With venture funding for blockchain startups declining globally, crypto startup founders struggling to source funding might want to instead head to Europe, a region that's bucking the trend.
Global blockchain venture funding plunged in the second quarter of this year — declining 22% from $12.5 billion raised in the first quarter to $9.8 billion in the second, according to a recent report from The Block Research.
Meanwhile the amount raised by blockchain venture startups is up 25% in Europe compared to the previous quarter, according to The Block Research's data.
Africa is the only other region to see gains, with an increase of 189% from the first quarter to the second. Asia and the US saw declines of 43.4% and 23.8%, respectively.
Europe’s recent gains mean it surpassed Asia by a slim margin for second position in terms of global share of blockchain venture funding raised. The US remained in the top spot with a total of $5.4 billion raised, compared to Europe’s $1.8 billion.
Some of the most active investors for European projects were Animoca Brands, Coinbase Ventures, GSR, Polygon Studios and Jump Capital, per The Block Research.

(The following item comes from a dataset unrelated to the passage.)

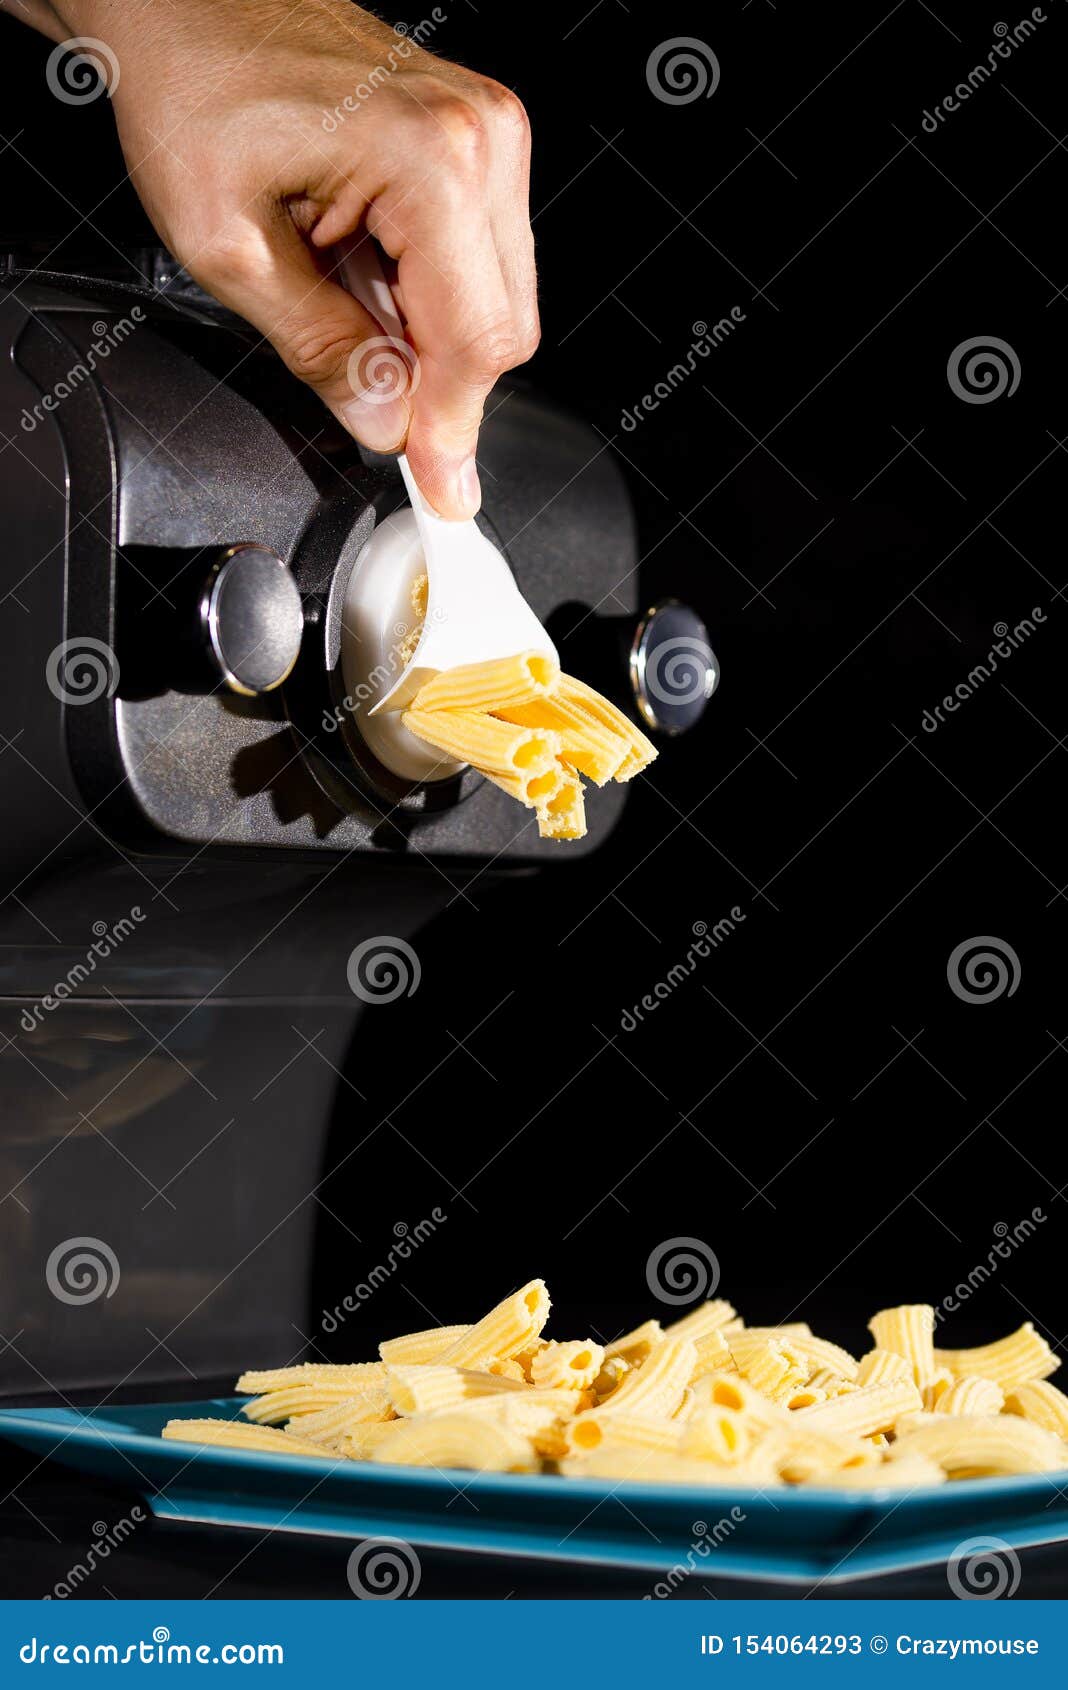 https://thumbs.dreamstime.com/z/preparing-home-made-rigatoni-eggs-pasta-pasta-maker-indifinited-man-cutting-rigatoni-close-up-photo-black-154064293.jpg

The global decline in funding is the first in blockchain venture funding since 2020. Previously there had been seven consecutive quarters of growth.
Private funding is typically seen as a lagging indicator of the crypto sector’s health as there is a time delay between when deals are made and publicly announced.
Venture funding could continue to decline as investors grapple with macroeconomic issues like rising interest rates and inflation, as well as the fallout from the bankruptcies of key industry players like Voyager and Celsius.
The recent turmoil in crypto markets, however, has also spurred mergers and acquisitions, which is another bright spot in the second quarter data. The Block Research’s recent report shows that M&A transactions are on pace for a record year.
Last year, 204 M&A transactions took place. Drawing on data from the first half of this year, M&A deals are on track to hit 212 this year.
“Since the private markets have started to cool off, M&A activity within the sector will be worth following over the next few quarters,” said John Dantoni, a researcher at The Block research, in the report.
“The valuations for private firms have been and will likely continue to re-adjust to the current market environment,” he added. “As a result, we expect to see M&A activity increase, particularly by larger firms in the industry.”